The company attributes the primary reason for its net loss to increased R&D investment. It stated that during the period, it continued to ramp up R&D efforts, accelerating the pipeline of innovative drugs, with several key progress milestones. Among these, nine products received clinical trial approval in China for the first time; four products obtained FDA approval for clinical trials in the U.S.; the new indication for Omalizumab for injection (Enyitan) was approved for listing; the application for Patorizumab injection was accepted; and two ADC products entered Phase III clinical trials. By the end of 2025, the company had more than ten major pipeline drugs in clinical or late-stage development.
Regarding sales expenses, the increase was mainly due to the first full year of market promotion for Enlongsulbaparatide and Omalizumab in 2025.
Deng Yong, director of the Health Law and Innovation Transformation Center at Beijing University of Chinese Medicine, pointed out that innovative drug R&D requires substantial funding and time investment. Therefore, New Novei maintained high R&D expenses in 2025, which impacted its performance. Additionally, its biopharmaceutical business is still in development, requiring significant resources for market promotion. The rise in sales expenses increases short-term costs, and market share and revenue growth take time to materialize, affecting overall performance.
Zhang Yue, chairman of AOYAO International, suggested that New Novei could control the growth rate of sales and R&D expenses reasonably while ensuring R&D and marketing effectiveness, thereby improving capital efficiency.
The Beijing Business Today reporter sent interview requests to New Novei regarding these issues but had not received a response by the time of publication.
Gross profit margin decline
The decline in gross profit margin is another factor behind New Novei’s 2025 net loss.
Data shows that New Novei focuses on R&D, production, and commercialization of biopharmaceuticals, functional raw materials, and health foods.

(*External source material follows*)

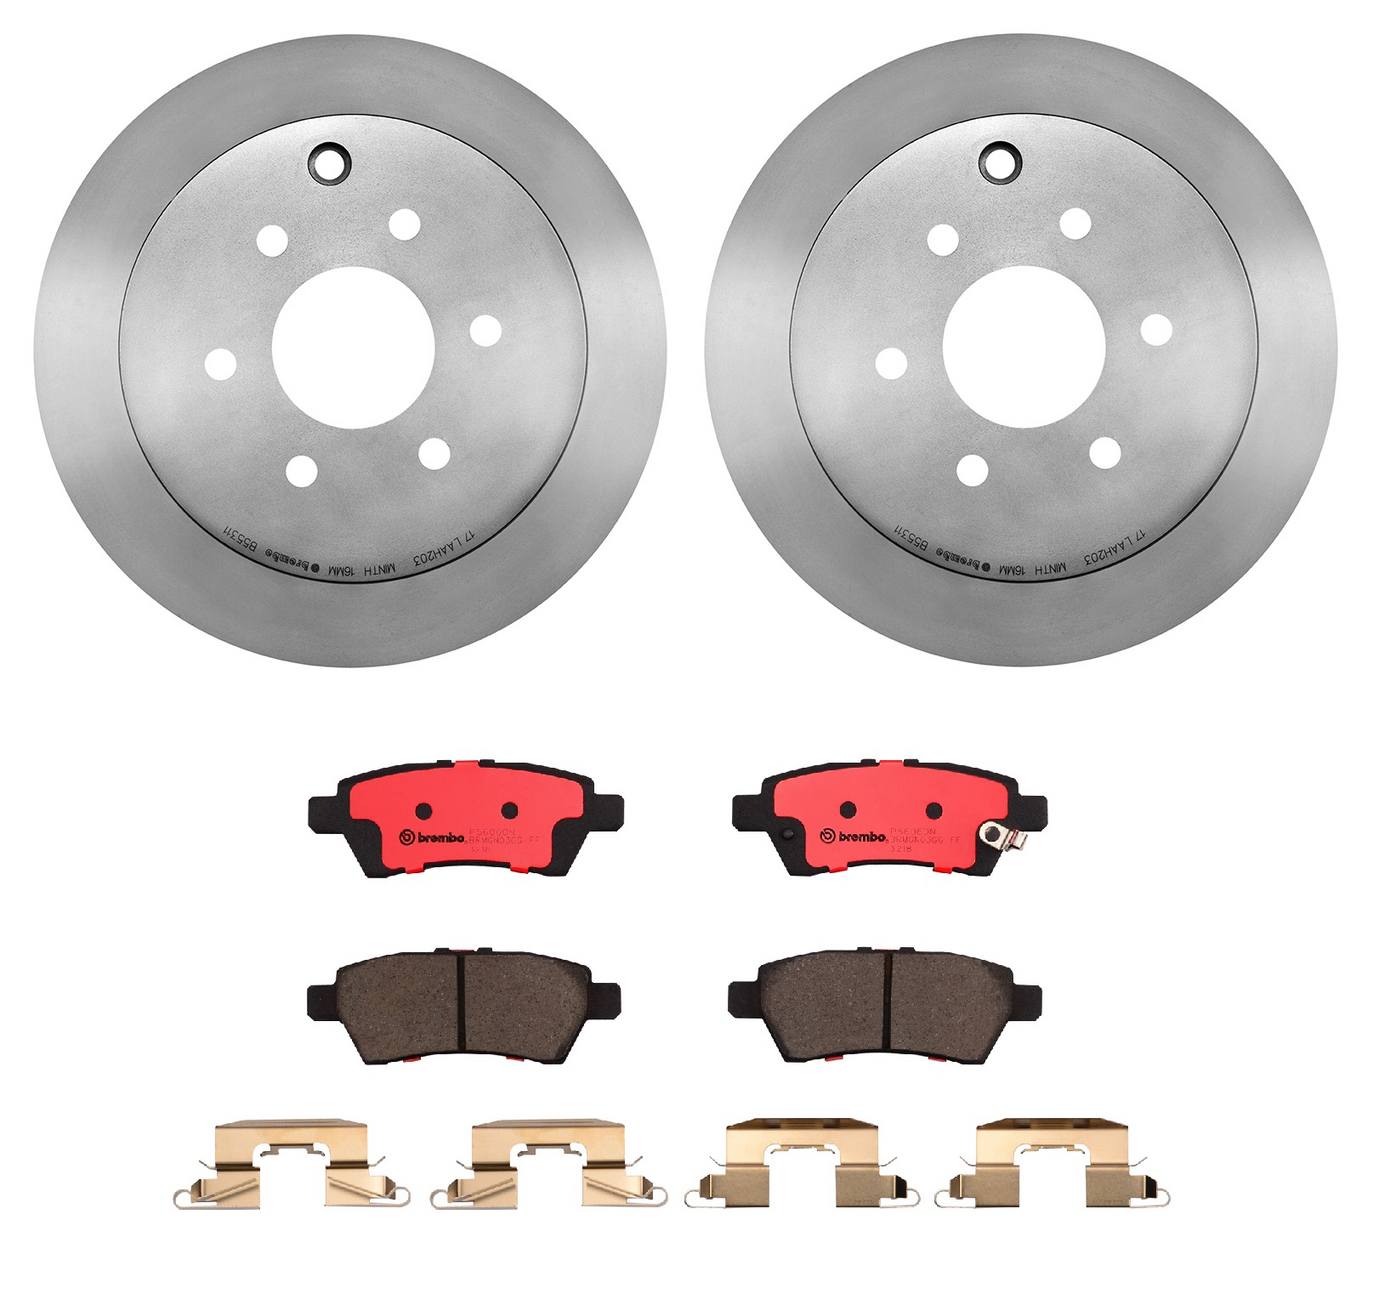 Nissan Disc Brake Pad and Rotor Kit - Rear (286mm) (Ceramic) Brembo

Its functional raw materials and health foods mainly include caffeine, acarbose, anhydrous glucose raw materials, and products like Guoweikang vitamin C tablets and B-vitamin tablets. In 2025, these segments generated sales revenue of 1.857 billion yuan, still the main source of revenue, accounting for 86.08%.
New Novei stated that market factors led to a decline in gross profit margin and profitability of caffeine products in 2025.

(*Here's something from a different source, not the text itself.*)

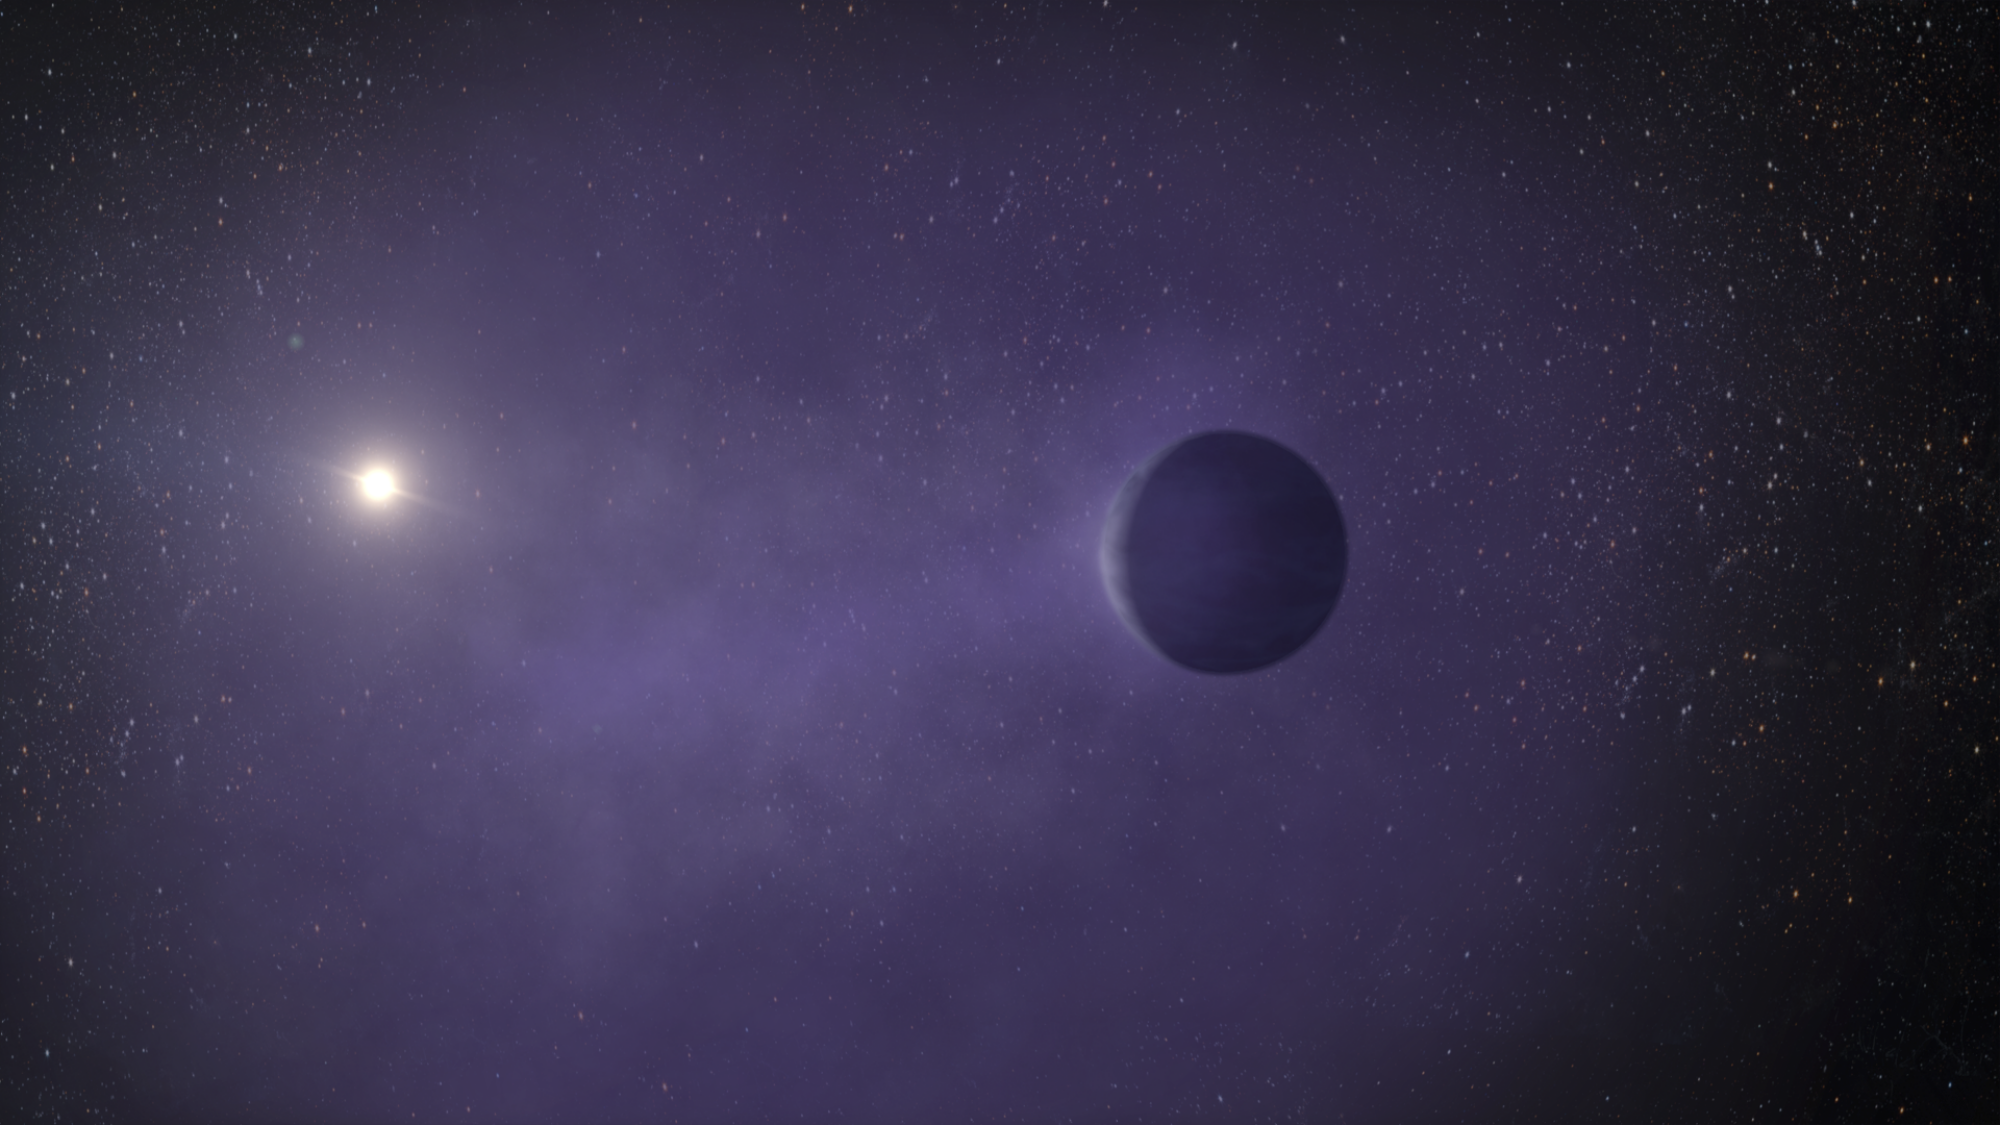 Mini Neptune orbiting a star

Specifically, in 2025, the gross profit margin of its core business in functional raw materials and health foods was 34.88%, down 4.85% year-on-year; the gross profit margin of its biopharmaceutical main business was 64.63%, down 30.53% year-on-year; overall, the gross profit margin of its main business was 38.5%, down 3.76%.
In its 2025 annual report, New Novei mentioned that the functional raw materials and health foods industry relies on the steady development of the health industry. While demand upgrades, it also faces challenges such as homogenization and stricter regulations, placing it at a critical stage of industry upgrading. Looking ahead, the company plans to focus on existing business segments in the short term, emphasizing core areas, and in the long term, to develop frontier fields, continuously iterate core technologies, and expand applications of innovative therapies. It will also strengthen its position in functional raw materials and health foods, extend high-end categories, diversify product offerings, optimize processes, and build long-term competitive advantages to seize opportunities in the health industry.
Additionally, New Novei is planning to list in Hong Kong and has already submitted an application to the Hong Kong Stock Exchange. The Beijing Business Today will continue to monitor its listing progress.